Expérimentation territoriale d'un droit de dérogation reconnu aux préfet - Le Conseil d'Etat rejette la demande d'annulation du décret du 29 décembre 2017

(Article ID.CiTé/ID.Veille du 26/06/2019 )



Expérimentation territoriale d'un droit de dérogation reconnu aux préfet - Le Conseil d'Etat rejette la demande d'annulation du décret du 29 décembre 2017
Aux termes de l'article 1er du décret du 29 décembre 2017, certains préfets et représentants de l'Etat précisément identifiés (1) peuvent " à titre expérimental et pendant une durée de deux ans à compter de (sa) publication (...) déroger à des normes arrêtées par l'administration de l'Etat dans les conditions fixées par les articles 2 à 4 ". 

Son article 2 précise que " le préfet peut faire usage de cette faculté (...) pour prendre des décisions non réglementaires relevant de sa compétence " dans les matières suivantes : " 1° Subventions, concours financiers et dispositifs de soutien en faveur des acteurs économiques, des associations et des collectivités territoriales ; 2° Aménagement du territoire et politique de la ville ; 3° Environnement, agriculture et forêts ; 4° Construction, logement et urbanisme ; 5° Emploi et activité économique ; 6° Protection et mise en valeur du patrimoine culturel ; 7° Activités sportives, socio-éducatives et associatives. "

Par ailleurs, son article 3 soumet cette faculté à quatre conditions cumulatives de sorte qu'une dérogation ne peut légalement intervenir que lorsqu'elle est " 1° (...) justifiée par un motif d'intérêt général et l'existence de circonstances locales ", qu'elle a " 2° (...) pour effet d'alléger les démarches administratives, de réduire les délais de procédure ou de favoriser l'accès aux aides publiques ", qu'elle est " 3° (...) compatible avec les engagements européens et internationaux de la France ", et qu'elle ne porte pas " 4° (...) atteinte aux intérêts de la défense ou à la sécurité des personnes et des biens, ni une atteinte disproportionnée aux objectifs poursuivis par les dispositions auxquelles il est dérogé ". 

Enfin, en vertu de son article 4, la décision de dérogation prend la forme d'un arrêté motivé et publié au recueil des actes administratifs.

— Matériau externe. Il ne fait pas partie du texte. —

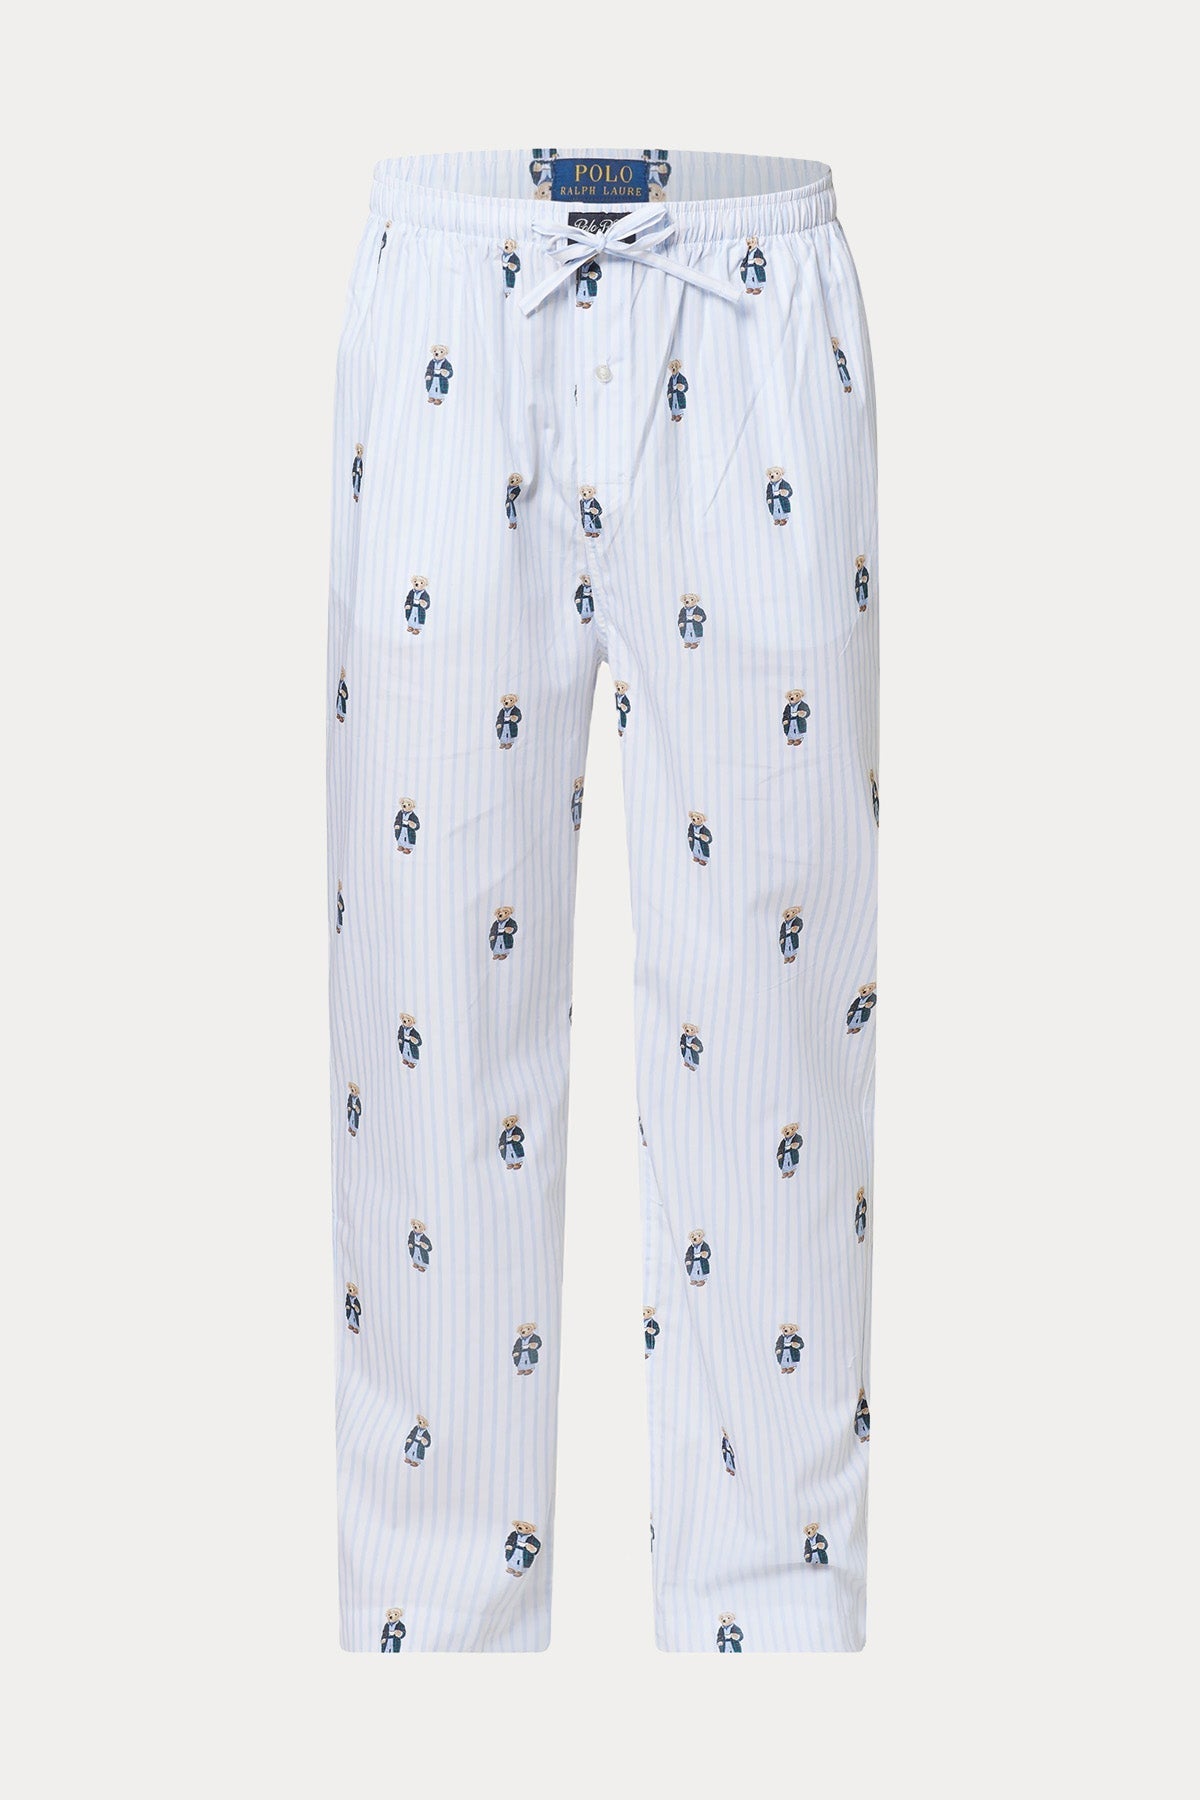 Polo Ralph Lauren Beli Lastikli Çizgili Polo Bear Pijama Altı

Le décret attaqué autorise les préfets concernés à déroger de façon ponctuelle, pour la prise d'une décision non réglementaire relevant de leur compétence, aux normes réglementaires applicables dans certaines matières limitativement énumérées. 
Ces dérogations ne peuvent être accordées que dans le respect des normes supérieures applicables. Si, ainsi que le souligne la requérante, le décret attaqué ne désigne pas précisément les normes réglementaires auxquelles il permet de déroger, il limite ces dérogations, d'une part, aux règles qui régissent l'octroi des aides publiques afin d'en faciliter l'accès, d'autre part, aux seules règles de forme et de procédure applicables dans les matières énumérées afin d'alléger les démarches administratives et d'accélérer les procédures. Enfin, il ne permet une dérogation que sous conditions qu'elle réponde à un motif d'intérêt général, qu'elle soit justifiée par les circonstances locales, qu'elle ne porte pas atteinte aux intérêts de la défense ou à la sécurité des personnes et des biens et qu'elle ne porte pas une atteinte disproportionnée aux objectifs poursuivis par les dispositions auxquelles il est dérogé.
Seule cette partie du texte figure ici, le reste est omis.